B. The Application of Code § 55–52
Deutsche Bank argues that Code § 55–52—when read with Code § 55–10
—renders it irrelevant whether Plucky had title in 2006 when he executed the Deutsche Bank Deed of Trust. Deutsche Bank also appears to argue that Code § 55–52 renders it irrelevant whether Arrington is a bona fide purchaser or lien creditor under Code § 55–96(A). In Deutsche Bank's view, when Riemenschneider conveyed the Property to Plucky by general warranty deed on July 6, 2009, Code § 55–52 cured the title defect in its deed of trust retroactive to August 22, 2006. With respect to the Arrington Deed of Trust, Deutsche Bank contends that Plucky could convey only what he held, and therefore, the conveyance between Plucky and Arrington was subject to the Deutsche Bank Deed of Trust. We disagree.
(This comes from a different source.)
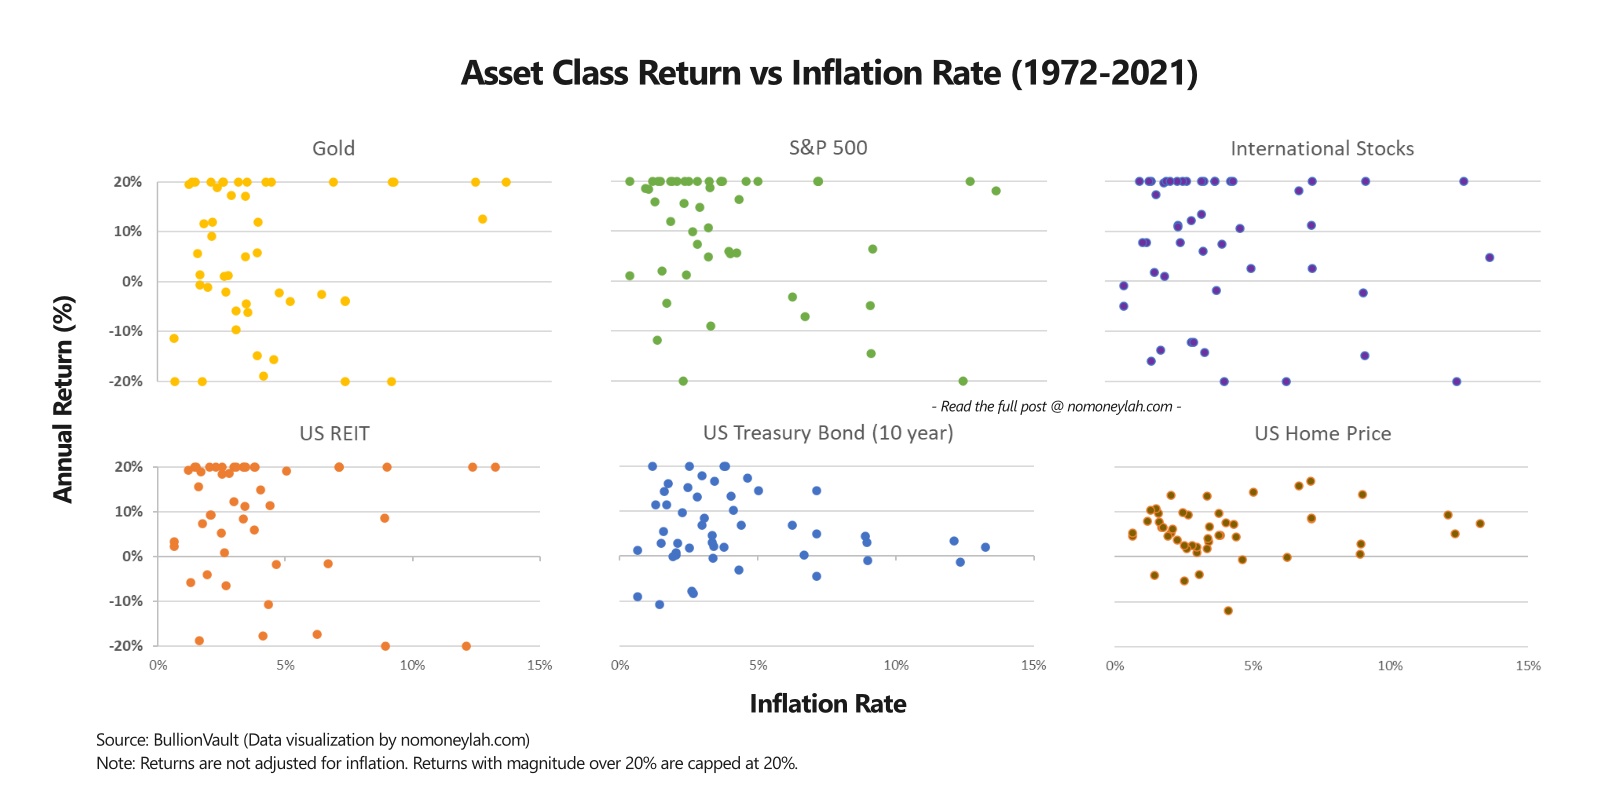 Non-inflation adjusted asset class return vs inflation rate

“A writing which purports to pass or assure a greater right or interest in real estate than the person making it may lawfully pass or assure shall operate as an alienation of such right or interest in such real estate as such person might lawfully convey or assure....” Code § 55–10.
Code § 55–52 provides:
When a deed purports to convey property, real or personal, describing it with reasonable certainty, which the grantor does not own at the time of the execution of the deed, but subsequently acquires, such deed shall, as between the parties thereto, have the same effect as if the title which the grantor subsequently acquires were vested in him at the time of the execution of such deed and thereby conveyed.
Significantly, Deutsche Bank's reading ignores the clause “as between the parties thereto,” which limits the effect of the statute to the grantor and grantee, in this instance Plucky and Deutsche Bank. Read in its entirety, Code § 55–52 provides that when a grantor purports to convey property—without holding title—to a grantee, the grantor cannot thereafter deny that title has actually passed to the grantee. See Hausman v. Hausman, 233 Va. 1, 4, 353 S.E.2d 710, 711 (1987). Code § 55–52 governs the rights of a grantee vis-à-vis the grantor. It does not purport to affect the deeds of third parties, in this instance Arrington, or influence the relative priority of their interests.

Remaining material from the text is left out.